Imagine a salon where you could discuss politics and statecraft with Thomas Jefferson, Benjamin Franklin, John Adams, George Washington, James Madison and Thomas Paine, as well as their precursors of the Enlightenment such as John Locke, Jean-Jacques Rousseau, Thomas Hobbes, Adam Smith and Jeremy Bentham. From feminists and reformers such as Susan B. Anthony, Margaret Sanger, Elizabeth Cady Stanton, Emma Goldman and Vashti McCollum, these early giants could learn how their work had laid the ground for later flowerings of liberty. Or, if you preferred to talk about science and the glories of the natural world, there’d be symposia attended by Charles Darwin, Albert Einstein, Carl Sagan, Richard Feynman, Galileo Galilei, Pierre and Marie Curie, and many more besides.
In airier realms of thought, most of history’s great philosophers would be there: Lucretius and Epicurus from ancient Greece, Giordano Bruno, David Hume, Baruch Spinoza, Bertrand Russell, Henry David Thoreau and Ralph Waldo Emerson. One could pass many pleasurable hours lying in the shade and listening to these great thinkers holding forth on the beautiful abstractions of the mind.
The music, too, would be magnificent. One could enjoy the symphonies of Giuseppe Verdi, Ludwig von Beethoven, Hector Berlioz, Johannes Brahms and Richard Strauss – or, for a more modern bent, the stylings of Irving Berlin, John Lennon, Cole Porter, and Yip Harburg. For oratory, poetry and literature, it would boast Robert Ingersoll, George Eliot, Leo Tolstoy, Omar Khayyam, Kurt Vonnegut, Isaac Asimov, H.G. Wells, Robert Frost – and that’s just for starters. And this imaginary humanist heaven would not lack for laughter. You can hear the roaring of the crowds being entertained by Mark Twain, by Voltaire, by H.L. Mencken, by Douglas Adams, by George Carlin (alas), and by many more proud subversives who’ve used the weapon of humor to expose the absurdities of earthly society.

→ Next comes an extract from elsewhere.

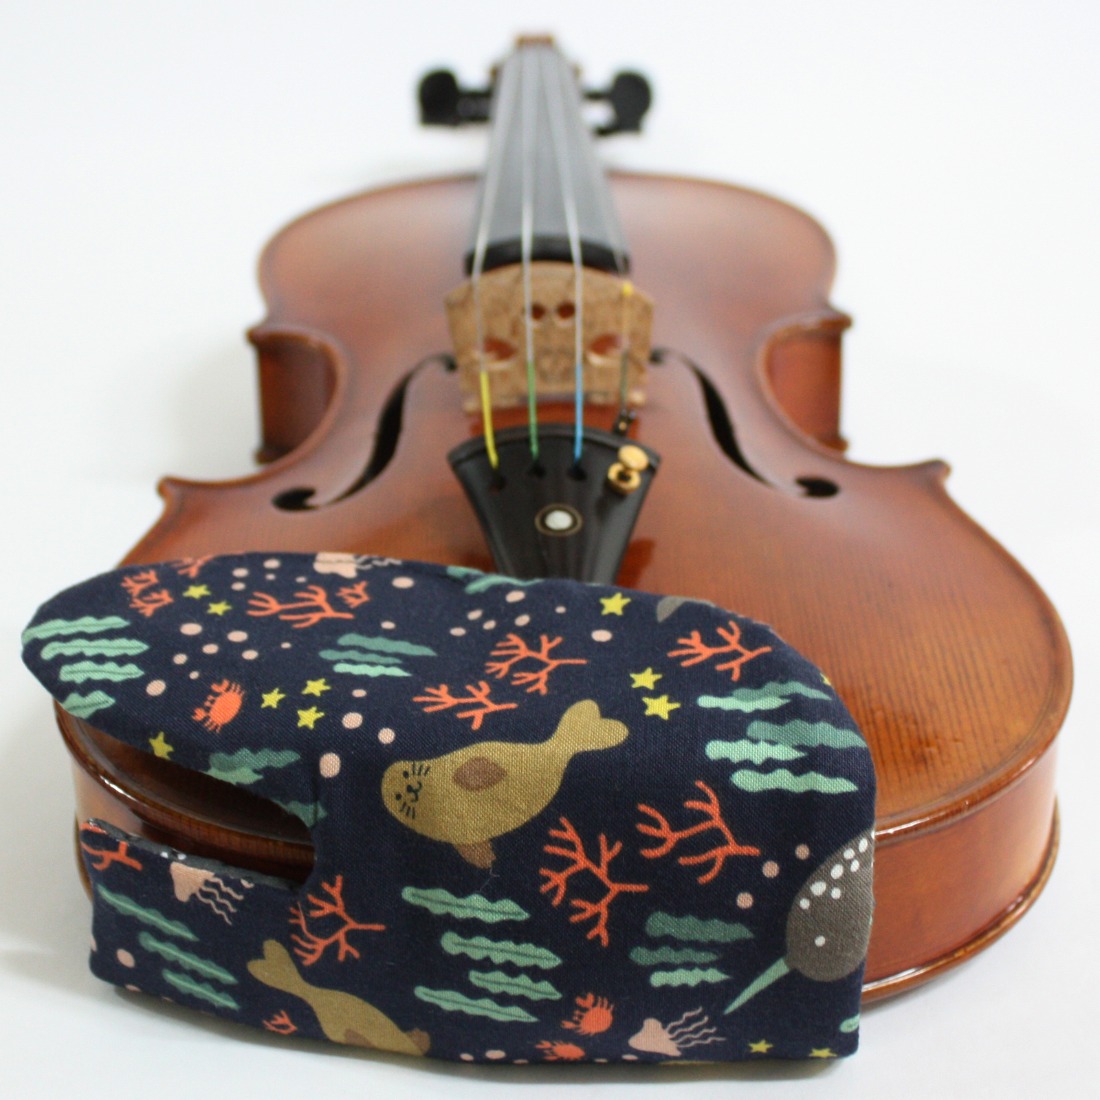 바이올린 턱받침 커버 Eno29

The roll call of famous names that would be present in a humanist’s heaven shows, by comparison, just how empty and impoverished the dogmatist’s heaven would be. All the illustrious thinkers and critics I listed above would be missing from any afterlife that sorts admission based solely on adherence to an orthodox creed. Such a place would hardly be paradise at all, but merely an echo chamber resounding through eternity with the monotonous chants of fossilized minds. How could Heaven be Heaven if it did not pay tribute to the fullest and grandest flowerings of the human creative spirit?

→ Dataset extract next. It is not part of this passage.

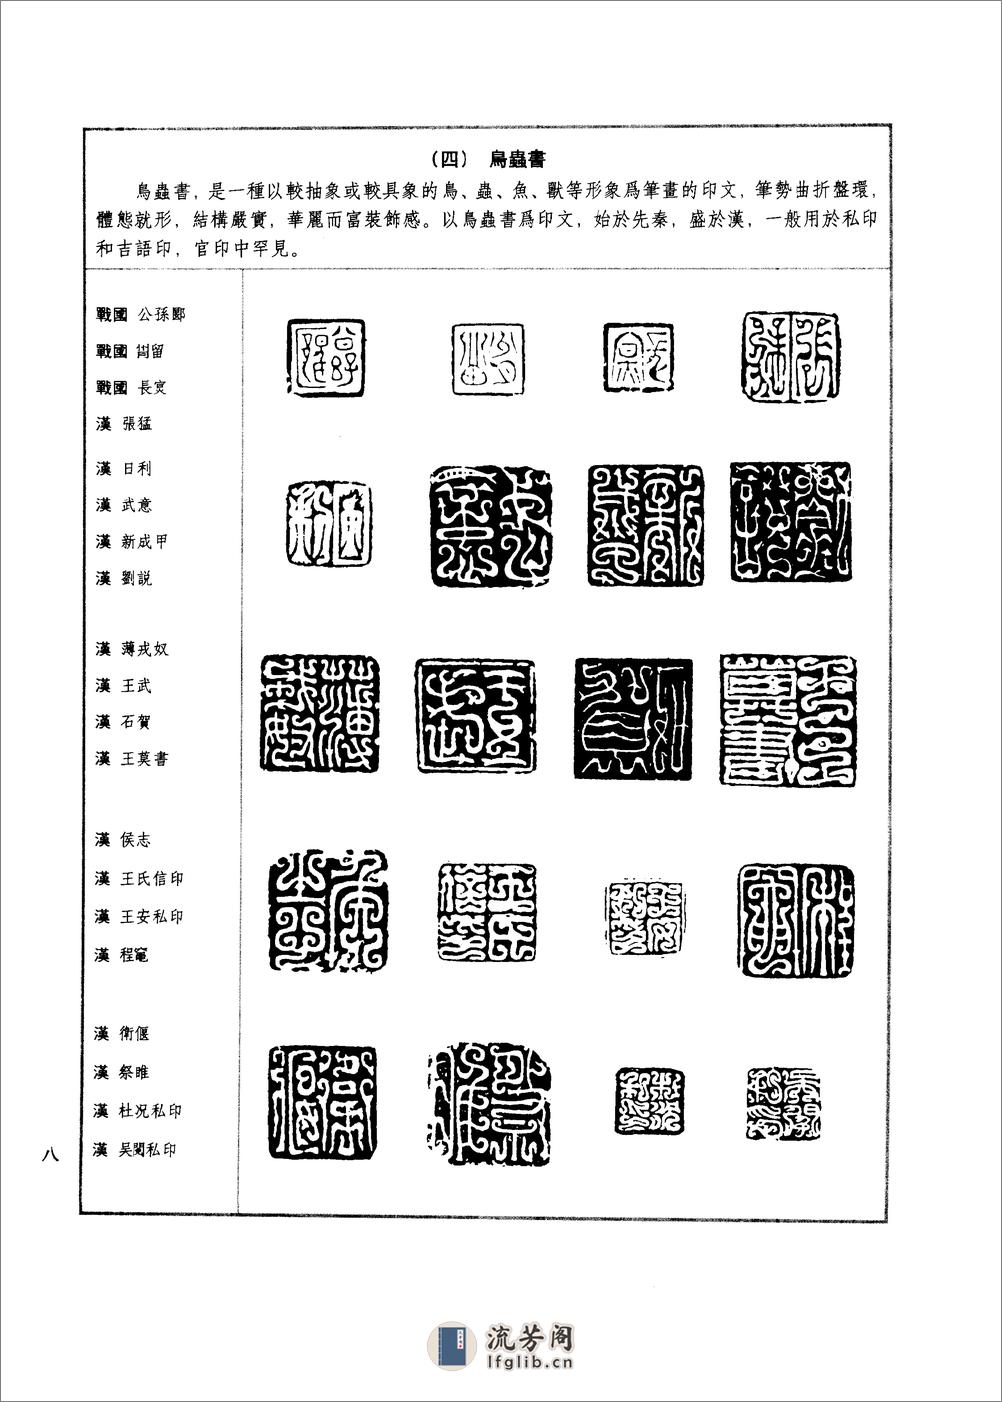 篆刻技法图典 - 第15页预览图

The dogmatist’s nightmarish hallucination of heaven, fortunately for us, does not exist. Like a nightmare that dissipates in the dawn, it fades away in the light of reason. Alas, the humanist’s heaven is also a dream, albeit a more pleasant one. I’d give almost anything to be witness to such a meeting of the minds, but there’s no rational reason to believe it will ever happen. Those who have passed on have left the world to us, and though ripples of their influence live on in the books they wrote and the lives they changed, the essence of the individual is gone and cannot be reclaimed. We mourn them, we honor them, but ultimately we must move on. The responsibility of guiding the future now lies with we who live – so rather than spend our time dreaming of another life, let’s turn our attention fully to this one. Our predecessors have left us an abundance of good lessons; let’s keep them in mind, so that we may write the next chapter for the good of those who, in turn, will succeed us.
(For a fuller listing of the names in this essay as well as others, see FFRF’s Freethought of the Day list.)